明倫月刊第164期
無盡的追思---永懷恩師(王炯如)
●王炯如
還有好多好多事要請教您,好多好多問題要請教您,好多好多學問要請教您………但是,您竟然拋棄了我們!
多少次痛切懺悔,並在您面前痛哭流涕,哀求住世,但是您還是橫著心腸,說走就走! 是我們的心未改,懺悔不真;是我們麻木不仁,無葯可救;是我們不聽教誨,使您心灰意冷,才使您決意提前離開我們!?
近百的歲數,雖然是耄期高壽,但是我們都認為您現在還不該走!未竟之志,未實現之理想,叫我們這群羽毛未豐,不長進的孩子如何承擔?!
阿花師姑請求您講完華嚴經,您說:「這個可以!」但是才過了五天,您竟失信了!至少十年才能講完的,但是您答應了不到一星期就撒手離開我們,叫我們何處去請您繼續講經呢?做人要講信用,這是您平日常說的話,這次卻自食其言了。難道是為了安慰阿花師姑才如此說,這不是令她空歡喜一場嗎?
有人勸您打營養針,您說「我沒病!我很好!」有人送營養食品來,您不吃—是的,您吃怕了,連番的中毒,害人的味精、防腐劑,您常感嘆說:「沒什麼可以吃的了!」—除了勝陽嫂煮的東西。雖然您後來只吃流質的東西,勝陽兄配的羹湯,榮梅熬的粥,養分是很夠的,消化又是那麼好,我們放心了,但是沒病的您,竟這麼快離開我們,使我們措手不及! 過年後的三次講經,精神不濟的神態,並未令我警覺,只當是衰老的現象而已;一再的說「我要走了!」「我真的要死了!」都當是開玩笑。是的,我們都不願,也不敢相信這是真的,但是您說的這句話竟然是老實話!一些聽不懂的話,看不懂的手勢,竟不知是將要別世的現象,我竟迷糊到這個地步!以致當您停止了呼吸時,我心中一片茫然,不相信這是真的!
恩師呀!您真的這樣就走了麼?您真的就這樣忍心拋下我們,投奔彌陀的懷抱去,教我們徬徨無依、向誰依靠啊!?

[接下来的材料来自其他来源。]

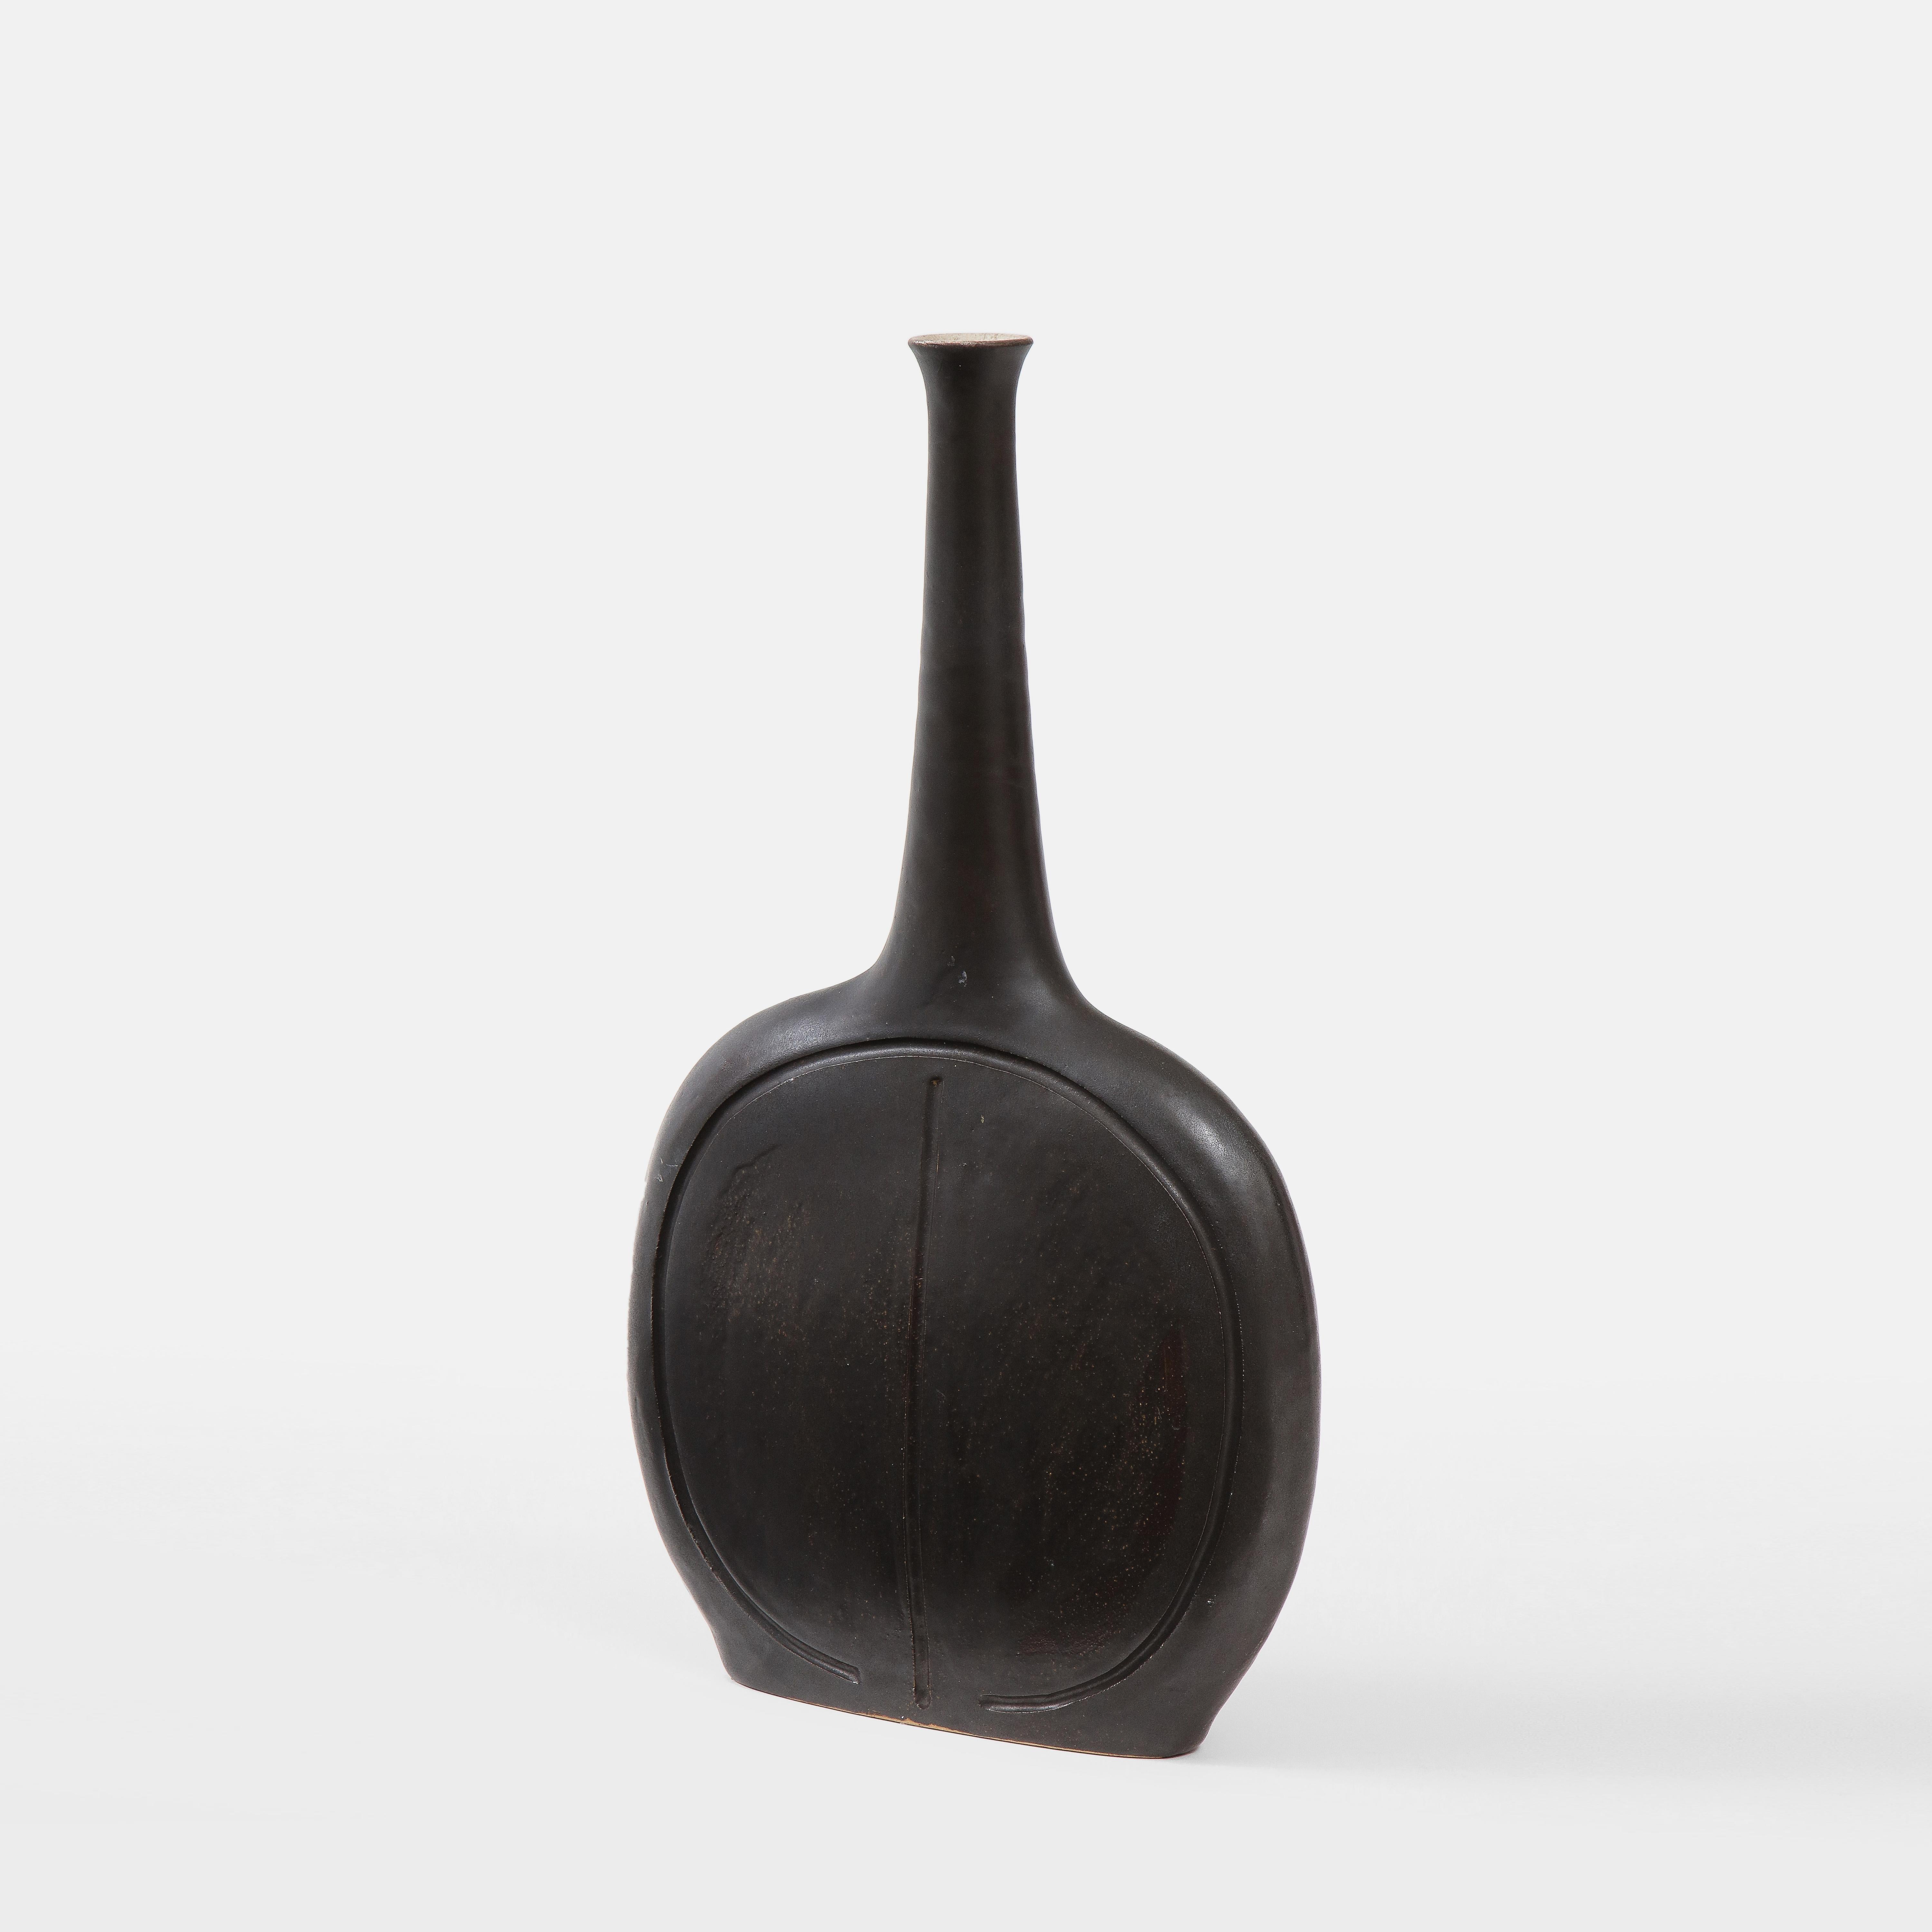 Bruno Gambone Hellschwarz glasierte Keramikflasche oder Vase mit abgeflachten kreisförmigen Körper und länglichem, sich verjüngendem Hals, Italien 1970er Jahre. Der Korpus ist mit einer abstrakten, gravierten Verzierung versehen. Signiert unten

民國四十三年,在菩提樹雜誌社朱斐居士的引介下,加入了台中蓮社的青年團體文藝班,在歡迎會上首次拜見了您,當時您贈予一串念珠─放在紙盒裏,作為見面禮,從此便與您結下了深厚的師生之誼,也與蓮社結下了不解緣。也在那一年,在您和平街寓所的佛堂前,您主持之下通信皈依了南亭法師。從此一方面在蓮社讀國文補習班,以充實自己,一方面在您嚴格的訓練下學習講演,參與弘法工作。由於演講有些心得,民國四十五年教師演講比賽時倖獲全市第一,無可置疑的,這都是您平時指導的演講術有以致之。因為從小愛好畫圖,又鑑於當時佛門繪畫人材奇缺,在樹刊朱居士的鼓勵下,開始了繪畫弘法的工作,從樹刊連載「釋迦佛陀畫傳」開始,至今仍執著禿筆,盡一份佛子應盡的弘法工作。每到佛陀聖誕,常為製作壁報以及各種海報、傳單,與文藝班的師兄們忙到深夜,而中慧班的女青年也在您調教下苦練著演講,好大顯身手,曾使孔奉祀官聽了讚嘆不已!在蓮社的大家庭中,您是我們敬愛的大家長,學生的我們彼此真誠相處,親如手足,其樂也融融。在您人格的感召下,誰親近了您,就被吸引住,誰也不會離開您!一期又一期的國文補習班,一期又一期的佛學講座及國學講座,以及各道場的定期講經………經您栽培,感化的學生及民眾,不知凡幾!而讀您的「佛學問答」以及各種弘法文字而信仰佛教,懂得念佛的人更難以估計!一本「當生成就之佛法」,上百萬的人讀過,至今全省各地還不斷的在印行、流通。是您,把正統的佛法從大陸帶到台灣:是您,把稱佛名號的淨土宗首先介紹到台灣,根植於台中,從此「阿彌陀佛」聖號遍滿寶島,淨化了多少人心,消除了多少災厄,成就了多少行者!而住在台中的人何其幸運!因為您三十七年來台中,一住就是三十八年,直到您圓寂為止!您常說:「我愛台灣、愛台中,反而你們生長在台中的,卻不愛台中!」生為台中人的我聽了多慚愧!尤其看到從台北、從高雄、從偏遠的山區奔波著趕來台中聽您說法的人們,住在台中的人豈不太有福氣了!可是也太不會珍惜這份福氣了!如今,您走了,才嘆息「福薄」已悔之晚矣!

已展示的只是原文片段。